Я был занят борьбой цивилизации против традиции, я свыкся с восприятием монархии как чего-то живописного, безвредного и устаревшего, и, когда внезапно понял, что король ставит себя во главе своего народа, ощущение было такое, словно перед самым моим носом разорвалась бомба. На какой-то миг мой рассудок замер.

«Господи! — сказал я в величайшем возмущении. — Какое он имеет отношение к нашей войне?»

И пошел дальше, переваривая эту мысль.

«Мой народ»! Значит, мне подобные — это его народ!

Если вы позволяете кому-то называть себя вашим пастырем, рано или поздно вы почувствуете, как пастушья палка с крюком обхватит вашу лодыжку. Не мы ведем войну с Германией, а наш король распоряжается нами в своей войне против Германии.

Через несколько месяцев скрепя сердце я понял неприглядную правду: «война за цивилизацию», «война против войны» была утешительной выдумкой, а жутковатая реальность заключалась в том, что Франция, Великобритания и союзные державы, следуя своим интересам, договорам и тайным намерениям, воспользовались проверенным историей средством и под водительством законных военных властей вступили в войну с противником. Никакая другая война в современных условиях невозможна. Ни «мы», ни «противник» не имели никакого отношения к моему Мировому государству. Мы воевали за «короля и родину», они — за «кайзера и фатерланд»; что же до Мирового государства, это было всем безразлично.

Наверное, далеко не я один пытался постигнуть всю бездонность насилия, слабости и покорности, которых, стремясь к новому государству, так долго не желал замечать. Не я один пытался направить свою персону к этому нелегкому прозрению. Мы не смогли оглядеться и все обдумать — что уж говорить о молодежи. Она обдумывала это в окопах и на ничейной земле. А я, освобожденный от службы, имеющий возможность свободно выражать свои мысли, не предложил ей ничего лучшего, чем «война, что положит конец войнам»!

Естественно, что в этой истории разочарования, коль скоро о ней повествует моя автобиография, центральное место должен занимать мой ум — ведь и кролик на столе свидетельствует за всех кроликов.

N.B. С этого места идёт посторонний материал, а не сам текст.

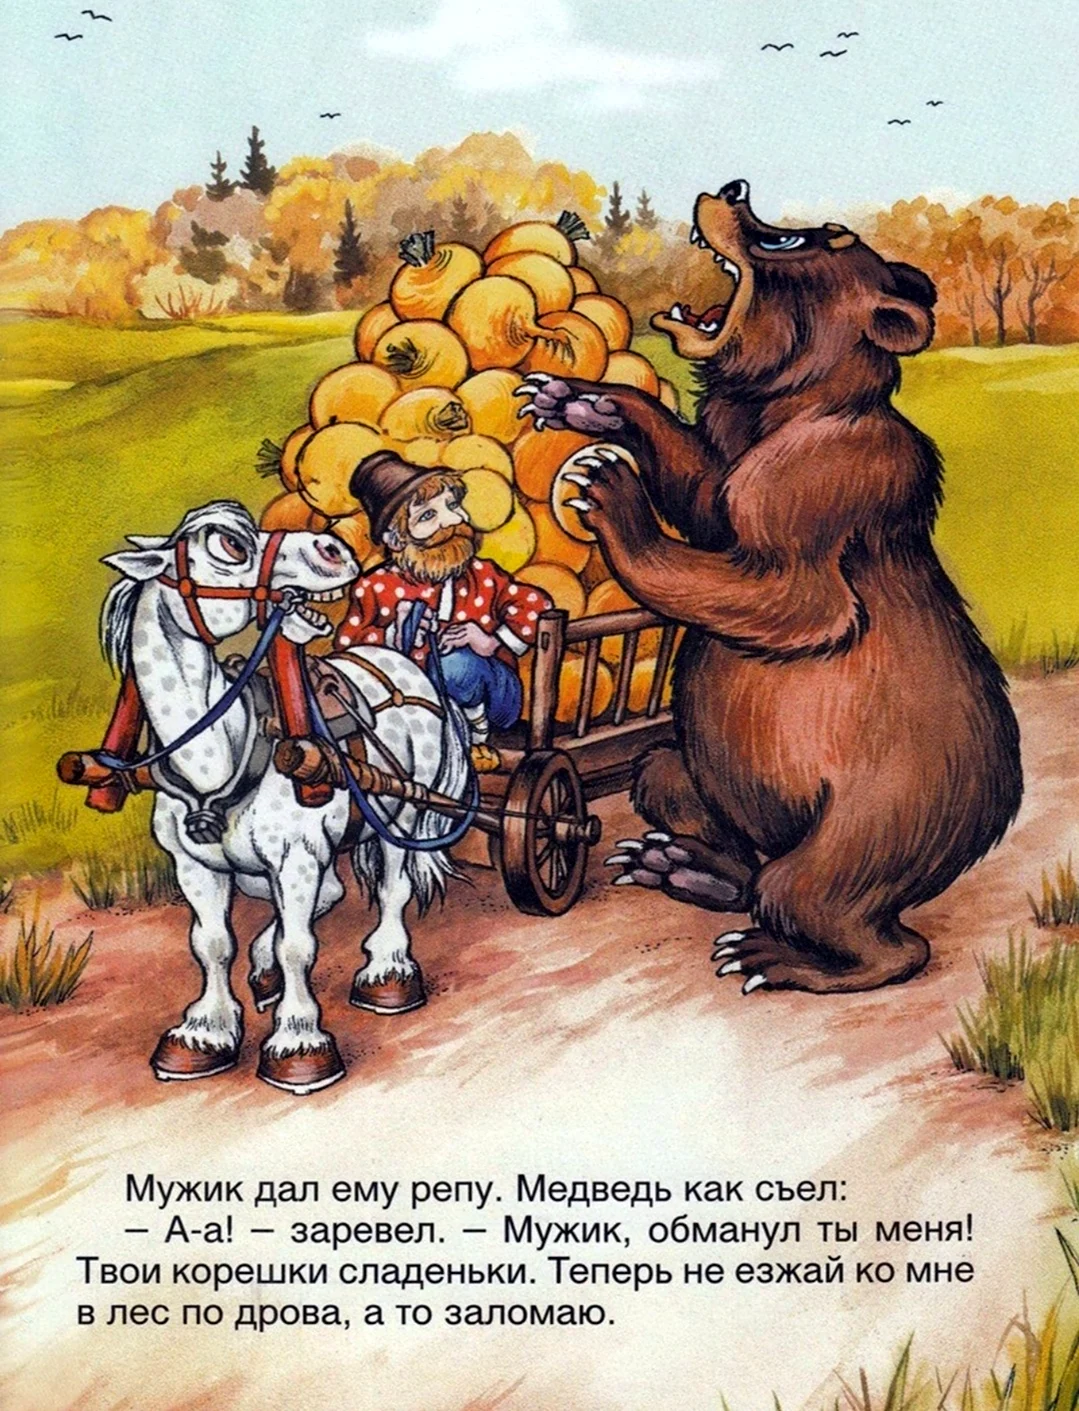 Мужик и медведь русская народная сказка. Картинка

Но сознательные и подсознательные противоречия, о которых я рассказываю от своего лица, были повсеместными. Я очень подробно закрепил их на бумаге, вот и все отличие. 1914 год еще не кончился, а я вовсю фиксировал стадии, пройденные моим сознанием, в романе «Мистер Бритлинг пьет чашу до дна». Автобиографичным его можно считать только в самом общем смысле — помимо прочего, я не терял на войне сына. Но историю этой утраты и прежнего образа мысли можно повторить в тысячах вариаций. Мистер Бритлинг представляет не столько меня, сколько мой человеческий тип и социальный класс. Кажется, мне удалось показать не только потрясение и трагическое разочарование цивилизованного ума, нарастающее по мере того, как жестокая действительность войны захватывает остальную жизнь, но и страстное желание найти в омуте катастрофы некую спасительную опору.

Пройдя множество испытаний, мистер Бритлинг «нашел Бога». Он потерял сына; и вот в кабинете, поздно вечером, пытается написать родителям одного немца, который когда-то был у них репетитором. Того тоже убили.

 

«Этих мальчиков, эти надежды убила эта война».

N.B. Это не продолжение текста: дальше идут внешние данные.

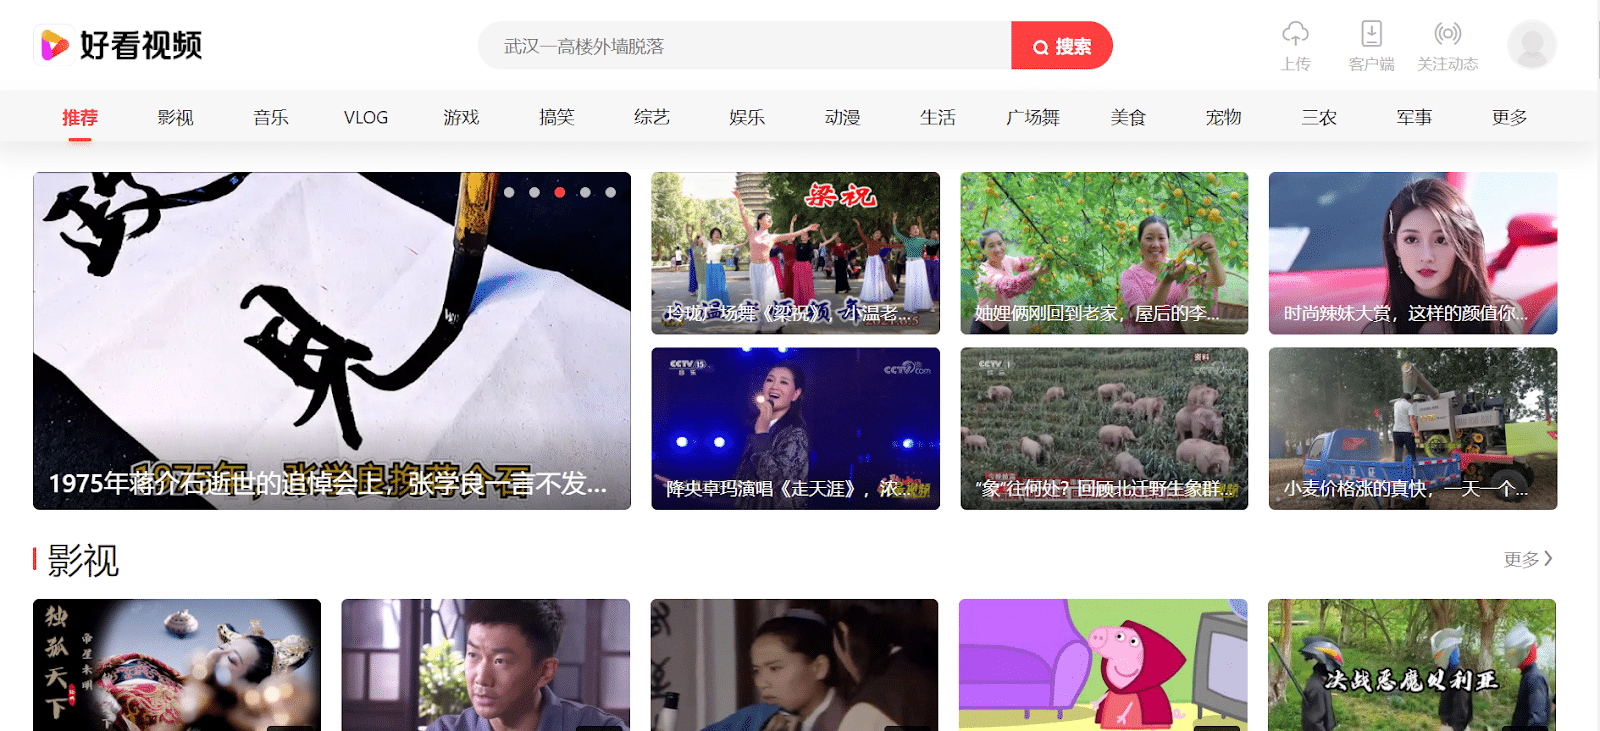 Baidu è il più grande motore di ricerca cinese

На какое-то время слова застыли в его мозгу.

«Нет! — сказал мистер Бритлинг решительно. — Они живы!»

И вдруг неожиданно он понял, что не одинок. Таких, как он, — тысячи и десятки тысяч; так же, как он, всем сердцем мечтают они произнести слова примирения. Не только его рука остановилась, не в силах продолжать. Смущенные не меньше него, неподвижно застыли французы и русские; были и немцы, пытавшиеся проложить к нему путь, даже сейчас, пока он сидит и пишет. И он в первый раз ясно почувствовал Присутствие, о котором много раз думал в последние недели, Присутствие, которое так близко, что он ощущает его в глазах, в мозгу, в кистях рук. То была не игра воображения — он ощущал непосредственную реальность. Здесь был Хью, которого он считал мертвым, здесь был юный Генрих, тоже живой; здесь был он сам, здесь были те, кто ищет, здесь были они, и — мало того — здесь был сам Господь, Кормчий человечества. Здесь был Бог, он был рядом, и сам он знал, что Бог — здесь, словно все это время двигался на ощупь впотьмах, думая, что он — один среди скал, волчьих ям и безжалостных вещей, и вдруг рука, крепкая и сильная рука прикоснулась к его руке. Он слышал голос, повелевавший ему быть мужественным. Перевоплощения не было, он остался таким же слабым, уставшим, малодушным краснобаем, исполненным благих намерений, и беспомощным писателем; но он больше не был одинок и жалок, он не был во власти отчаяния. Бог был рядом с ним, и внутри него, и вокруг… Вот он, решающий миг его жизни, невесомый, как облачко апрельским утром; великий, как первый день творения. Несколько секунд он по-прежнему сидел, откинувшись в кресле и уткнувшись в грудь подбородком; руки его свисали с подлокотников. Затем он выпрямился и глубоко вздохнул…

Он уже несколько недель лелеял в уме эту мысль. Он говорил с Летти об этом Боге, который властвует над нашими блужданиями в пространстве и во времени. Но до сего момента Бог был для него чем-то рассудочным, теорией, построением, чем-то таким, о чем говорят не понимая… Мысль о Боге была подобна человеку, вошедшему в пустой дом, красивый и опрятный, хранящий отпечаток изысканной прелести чьего-то доброго присутствия. Пока вошедший все рассматривает, он слышит приветливый голос Хозяина…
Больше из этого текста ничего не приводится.